Add the following to your requirements.txt
-e git+git@github.com:Runscope/healthcheck.git#egg=healthcheck
Here's an example of basic usage
from flask import Flask
from healthcheck import HealthCheck
app = Flask(__name__)
# wrap the flask app and give a heathcheck url
health = HealthCheck(app, "/healthcheck")
# add check functions
def redis_available():
client = _redis_client()
info = client.info()
return True, "redis ok"
health.add_check(redis_available)
To run all of your check functions, make a request to the healthcheck URL you specified, like this:
curl "http://localhost:5000/healthcheck"
Check functions take no arguments and should return a tuple of (bool, str). The boolean is whether or not the check passed. The message is any string or output that should be rendered for this check. Useful for error messages/debugging.
# add check functions
def addition_works():
if 1 + 1 == 2:
return True, "addition works"
else:
return False, "the universe is broken"
Any exceptions that get thrown by your code will be caught and handled as errors in the healthcheck:
# add check functions
def throws_exception():
bad_var = None
bad_var['explode']
Will output:
{
"status": "failure",
"results": [
{
"output": "'NoneType' object has no attribute '__getitem__'",
"checker": "throws_exception",
"passed": false
}
]
}
Note, all checkers will get run and all failures will be reported. It's intended that they are all separate checks and if any one fails the healthcheck overall is failed.

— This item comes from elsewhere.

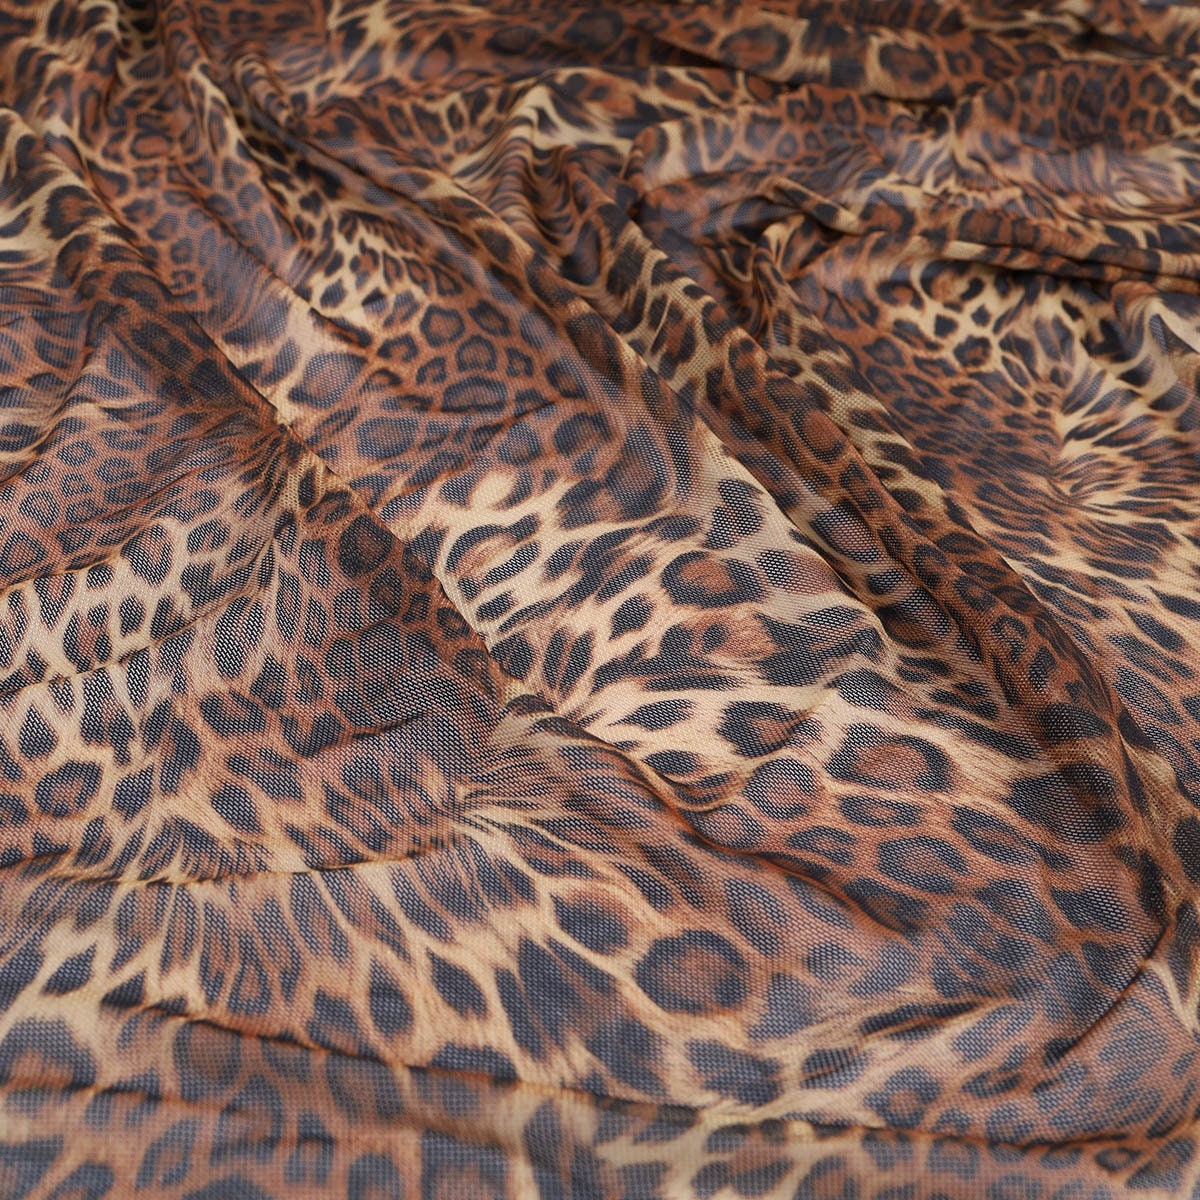 Leopard Mesh -  Canada

In Runscope's infrastructure, the /healthcheck endpoint is hit surprisingly often. haproxy runs on every server, and each haproxy hits every healthcheck twice a minute. (So if we have 30 servers in our infrastructure, that's 60 healthchecks per minute to every Flask service.) Plus, monit hits every healthcheck 6 times a minute.
To avoid putting too much strain on backend services, health check results can
be cached in process memory. By default, health checks that succeed are cached
for 27 seconds, and failures are cached for 9 seconds. These can be overridden
with the success_ttl
and failed_ttl
parameters. If you don't want to use
the cache at all, initialize the Healthcheck object with success_ttl=None, failed_ttl=None
.
You can customize the status codes, headers, and output format for success and failure responses.